La cuestión de la distribución es fundamental. La del servicio posventa, igual de importante. Sin embargo, los emprendedores que se instalan en el extranjero suelen invertir menos en el posventa que en otras áreas del negocio. Del mismo modo, la distribución no siempre se trabaja con una estrategia sólida, como si el hecho de vender fuera algo que se da por sentado. Y sin embargo, incluso un «simple producto» destinado a los lineales de un supermercado necesita una estrategia de distribución. Se trata, en concreto, de definir tus canales y redes de distribución: ¿quiénes serán tus socios? ¿Contarás con el apoyo del comercio local? ¿Apuestas por las grandes superficies? Sin una estrategia de distribución, tu «producto del siglo» tiene pocas posibilidades de destacar entre la competencia… y, por tanto, de reportarte ingresos.
Descuidar el servicio posventa también repercute en tu rentabilidad. Sin él, ¿a quién recurrirán tus clientes o los consumidores cuando tengan un problema o una duda? Si tu empresa necesita un servicio posventa, ponlo en marcha. De lo contrario, te ganarás la animadversión de tus clientes: mala imagen, mala publicidad… y caída de los rendimientos.
¿Cómo alinear tus inversiones con tus objetivos financieros a largo plazo?
Para ser rentable en el extranjero, tu empresa necesita objetivos financieros claros. Estos te permiten gestionar tu tesorería, tomar decisiones de inversión, solicitar financiación, mejorar tus rendimientos y hacer un seguimiento real de la evolución del negocio.

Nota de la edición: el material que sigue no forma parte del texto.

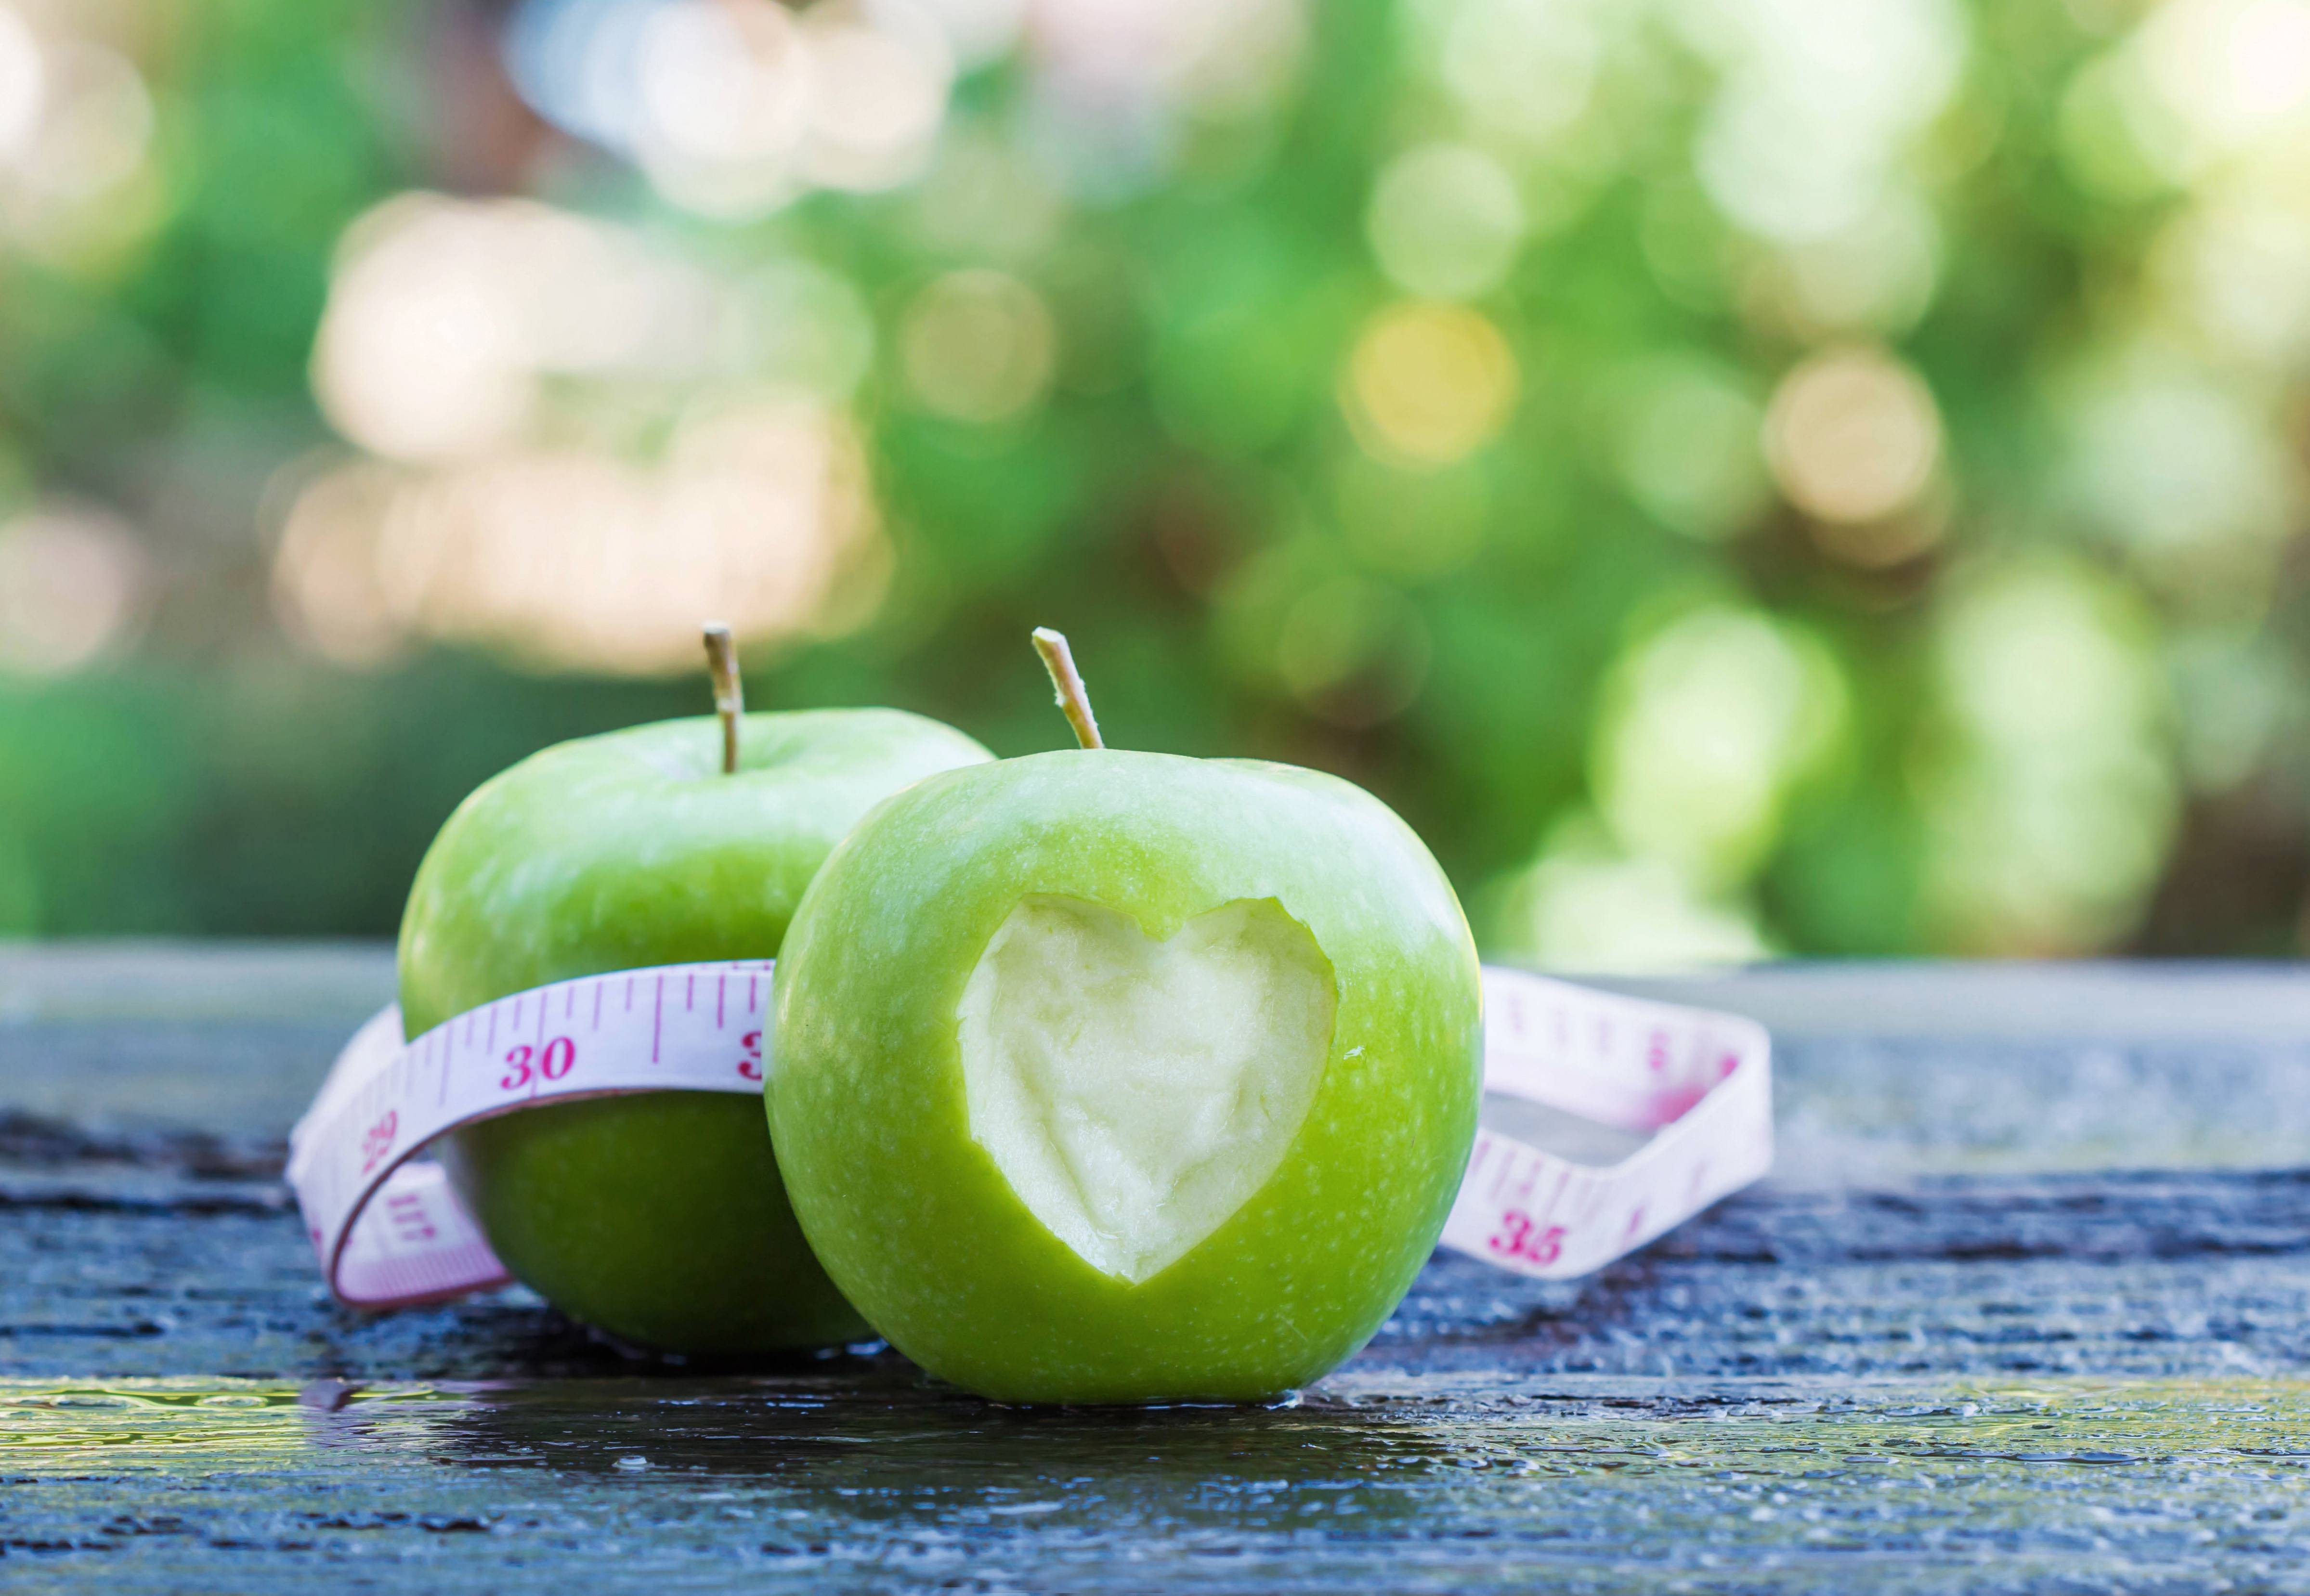 green apples with a heart carved in the skin and a tape measure around the apple representing weightloss and healthy eating

Inversiones y objetivos financieros
Las empresas pueden elegir entre tres grandes tipos de inversión:
- Inversiones materiales: todos los bienes físicos de la empresa (maquinaria, herramientas, vehículos de empresa, instalaciones…)
- Inversiones inmateriales: el dinero destinado a la producción de la empresa (obtención de licencias, certificados, patentes…)
- Inversiones financieras: las participaciones y colocaciones realizadas por la empresa (acciones, bonos…)
La naturaleza de tus inversiones debe responder a tus objetivos financieros tanto a corto como a largo plazo. Por ejemplo: ¿conviene destinar recursos de la empresa a inversiones materiales? ¿Necesitas renovar la maquinaria para aumentar la producción? ¿Prefieres incrementar tu participación en otras sociedades con vistas a tener peso en sus órganos de dirección? Tener los objetivos bien definidos te permitirá tomar las mejores decisiones de inversión.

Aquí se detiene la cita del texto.